- WORK TO COMPLETE: Reproduce the listing below exactly, except for its pictures.

- DATA SHOWN:
▬▬▬

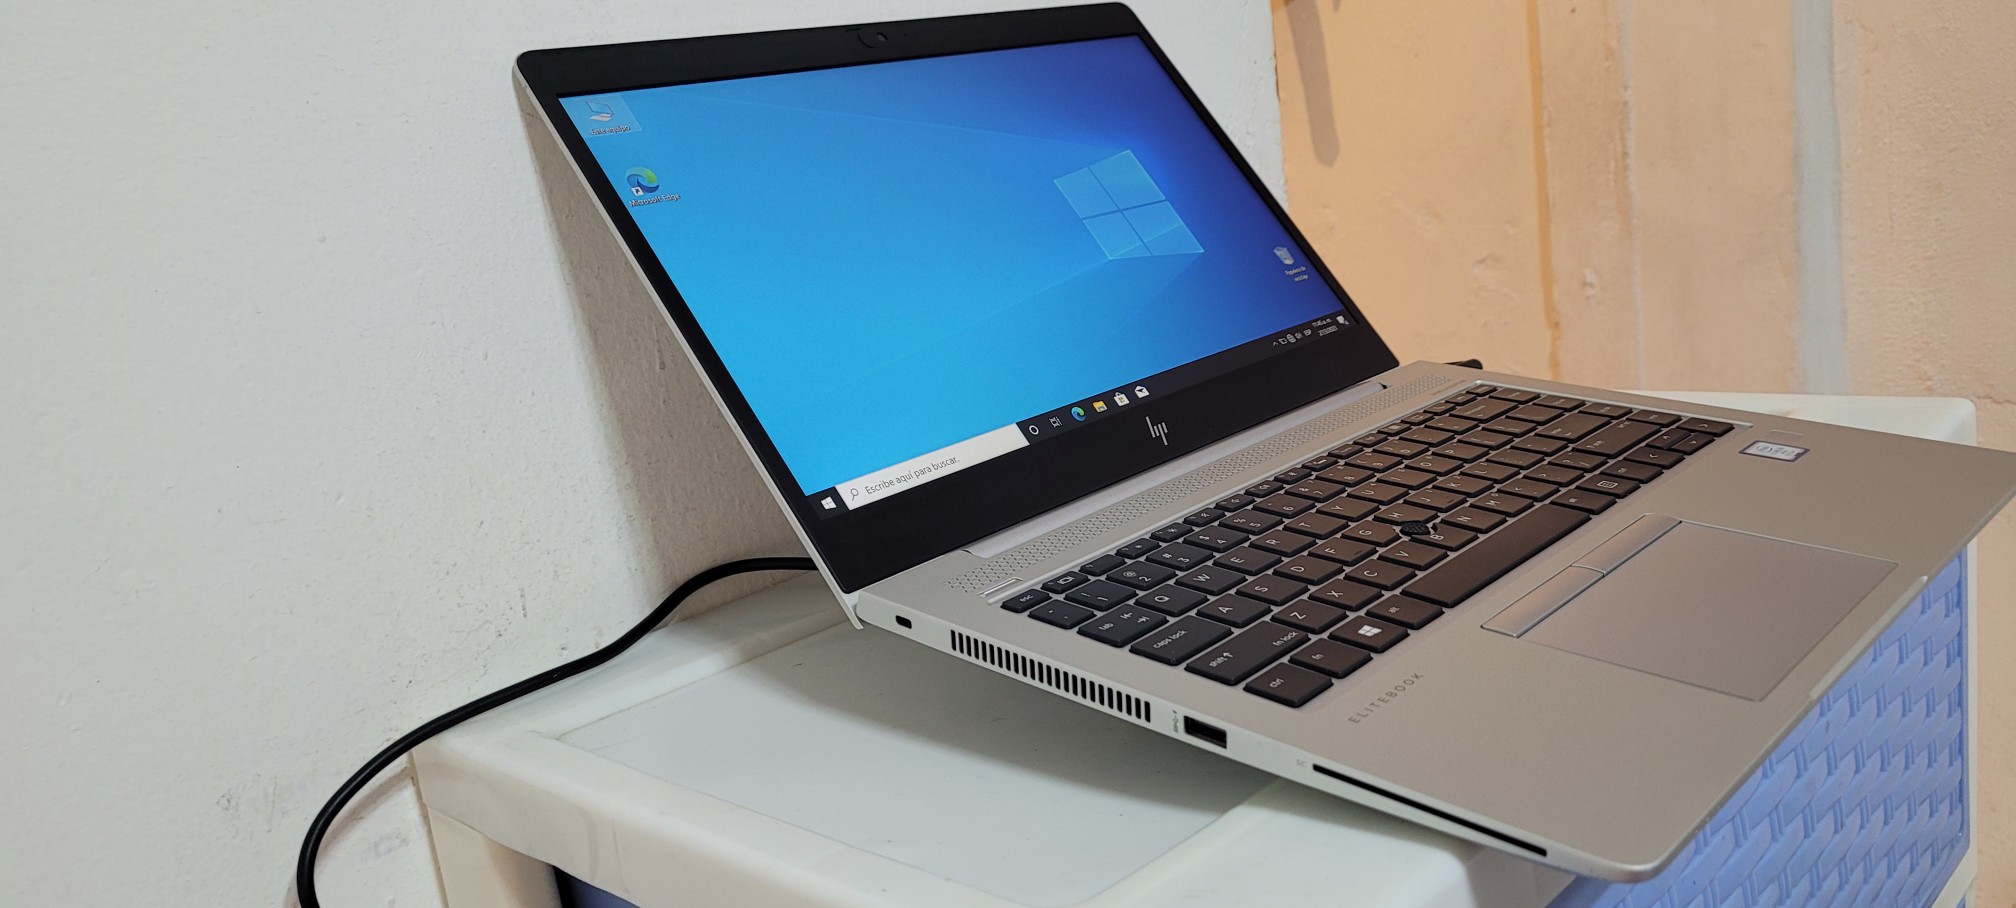 computadoras y laptops - Laptop hp Slim G3 14 Pulg Core i5 7ma Ram 8gb ddr4 Disco 256gb SSD HDMI 1
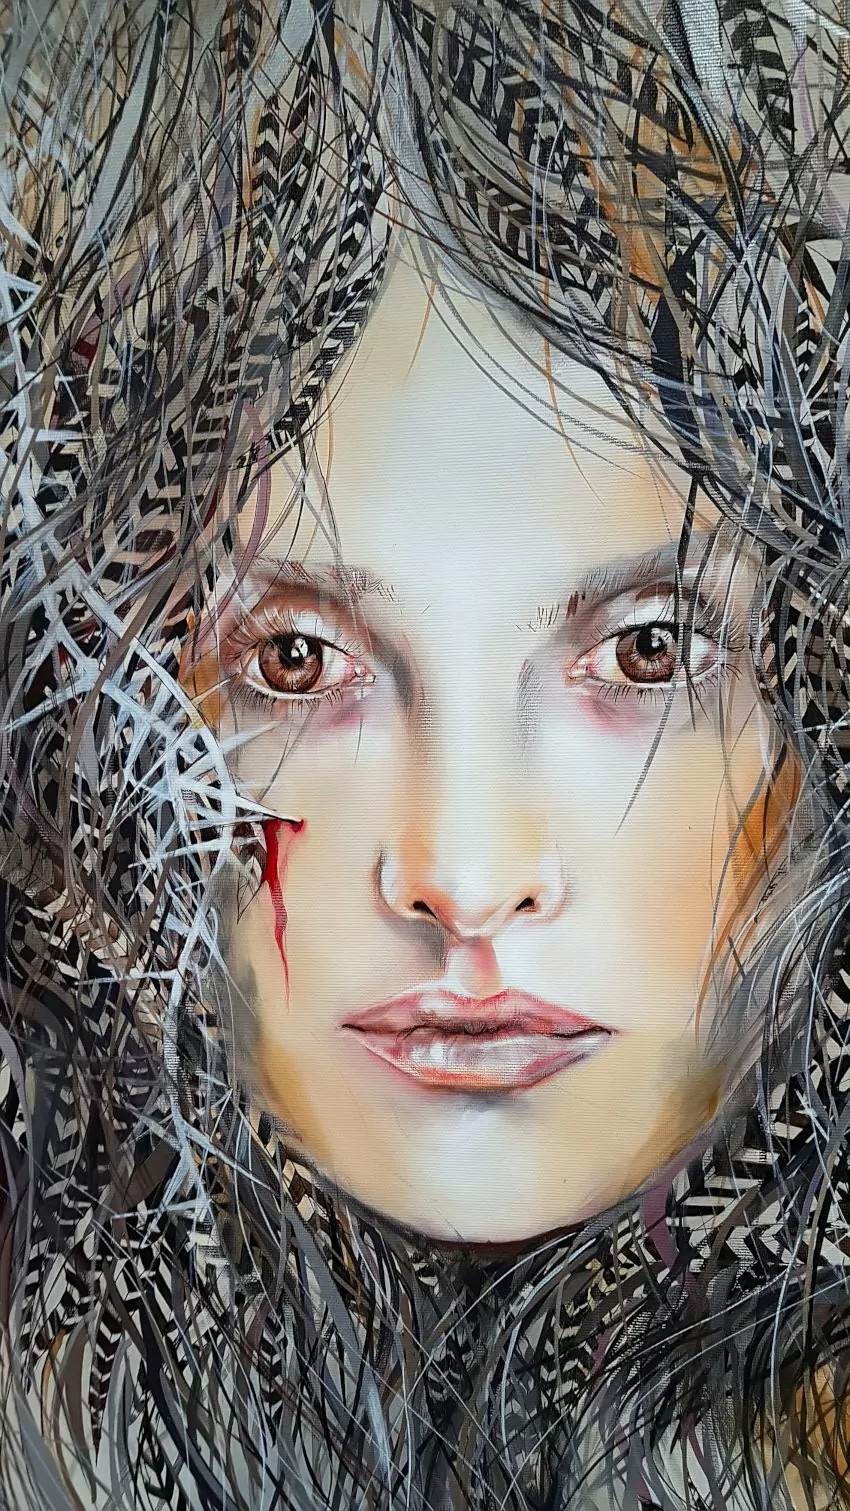 Targi Gift&Deco, obraz malarki Maggie Piu, obrazy z kobietą, twarz zakrwawiona otoczona szarymi piórami, na twarzy skaleczenie z którego wydobywa się krew
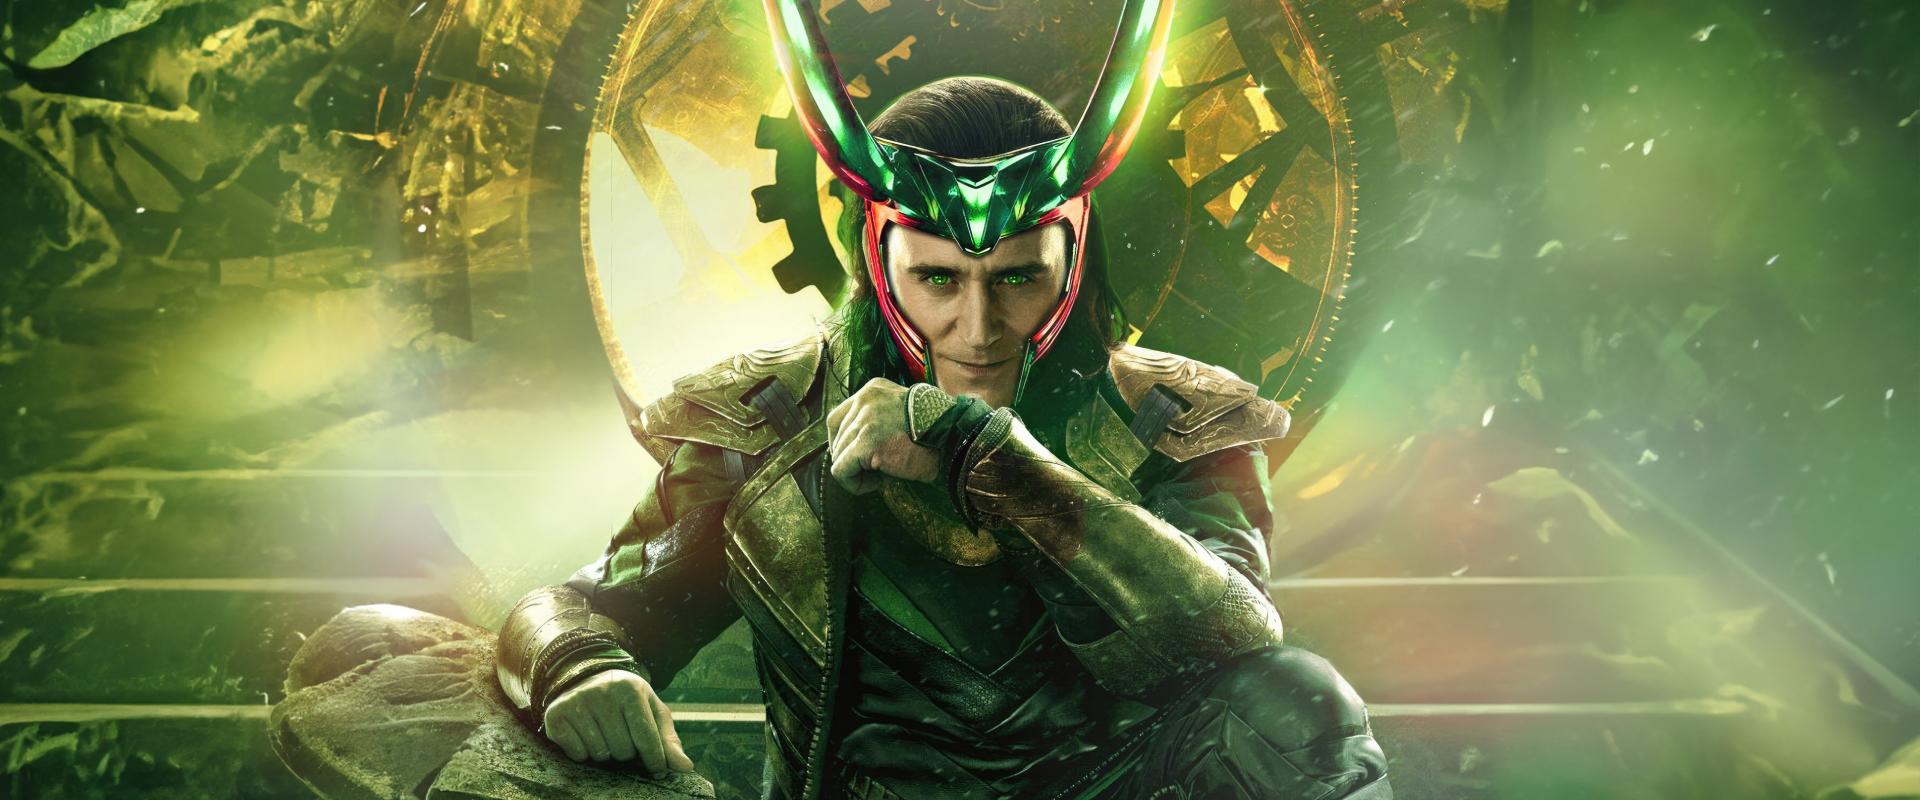 Hamarosan Loki is tiszteletét teszi a Fortnite-ban

▬▬▬

- PROBLEM SOLUTION:
 computadoras y laptops - Laptop hp Slim G3 14 Pulg Core i5 7ma Ram 8gb ddr4 Disco 256gb SSD HDMI 1
 Targi Gift&Deco, obraz malarki Maggie Piu, obrazy z kobietą, twarz zakrwawiona otoczona szarymi piórami, na twarzy skaleczenie z którego wydobywa się krew
 Hamarosan Loki is tiszteletét teszi a Fortnite-ban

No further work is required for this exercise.